The ‘nine meditations of the visualization of the impure’ (bujing guan jiuxiang 不淨觀
九想)—followed by a meditation on the skeleton emitting light—were also taught in the
1930s by the tantric master Nenghai 能海 (1886–1967), who integrated the meditation on
impurity into his handbook for basic meditation.31 I will delve into this particular case as
an example of the actual practice of the visualization of the impure in modern times. The
aśubha meditation is part of a series of visualizations within a sequential meditative path; it
is typically introduced by the ‘meditation on death’ (sixiang 死想) and is followed by the
‘meditation on the white bones’ (baigu xiang 白骨想). The meditation on death reads:
Visualize your body while it is cooling down and the vital energy is receding; the
body becomes rigid: it is a corpse now.
觀想自身,身冷氣絕,肢體僵直,現前便是一具死屍。 (Nenghai, 1946)
The nine meditations are listed as follows: 1. ‘Swelling’ (pang 膀); 2. ‘Tumefaction’
(zhang 脹); 3. ‘Blue [stains]’ (qing 青); 4. ‘Stasis of blood’ (yu 瘀); 5. ‘Decay’ (huai 壞); 6.

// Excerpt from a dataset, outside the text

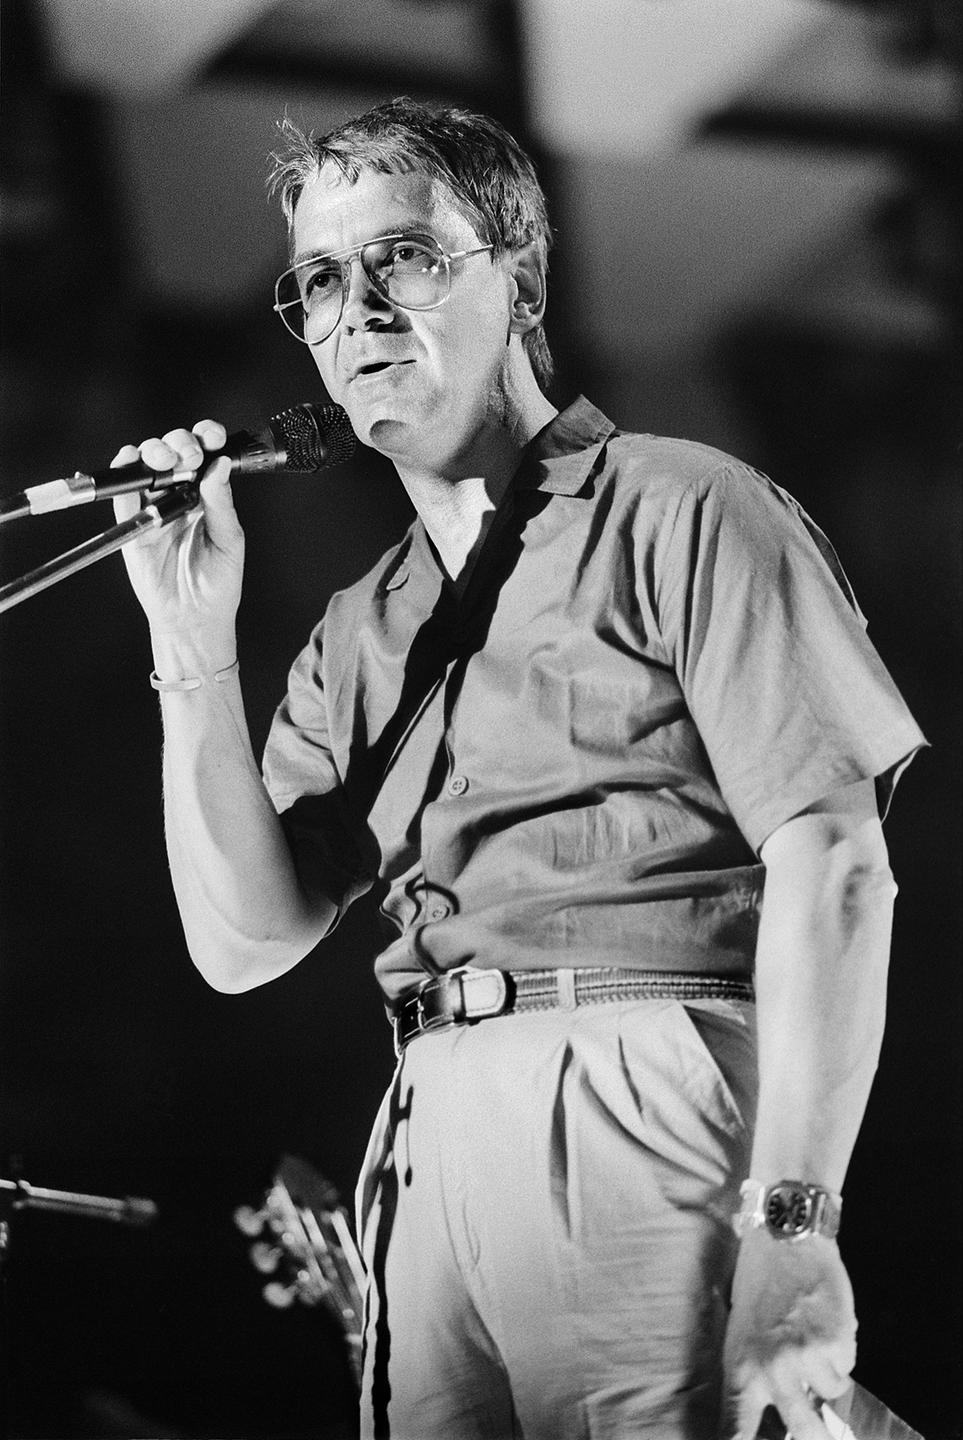 Claude Nobs 1985. Ein Mann steht auf einer Bühne und spricht in ein Mikrofon.

‘Spread of blood’ (xuetu 血塗); 7. ‘Pus’ (nong 膿); 8. ‘Decomposition’ (lan 爛); 9. ‘Maggots’
(qu 蛆). While this list does not perfectly match any of the extant canonical lists, the
explanation of the nine meditations closely follows the contents of the above quoted
texts.32 At the same time, by referring to the Chinese heroes Liu Bang 劉邦 (256–195 BCE)
and Xiang Yu 項羽 (232–202 BCE) or to a modern object such as a light bulb, Nenghai adds
a personal touch to the received tradition:
Visualize one’s body as if deceased for a few days, as it slowly degenerates and
smells bad. Initially, the skin becomes purple and starts to swell and bloat; after
a while, blue stains begin to appear until blood comes out and the whole body
assumes a dark purple color. The skin starts to decay and rot, and bad blood
colors the whole skeleton. Dead blood becomes pus, while the flesh and the
internal organs decompose, falling to pieces. Among the blood and the rotten
flesh, worms are born; they crawl around and eat the remaining flesh. When they
are done, they transform into moths and fly far away (this type of visualization
is helpful in case of diseases; one can visualize worms eating at the bruises by
concentrating on the areas of sickness). The body is now just a white skeleton.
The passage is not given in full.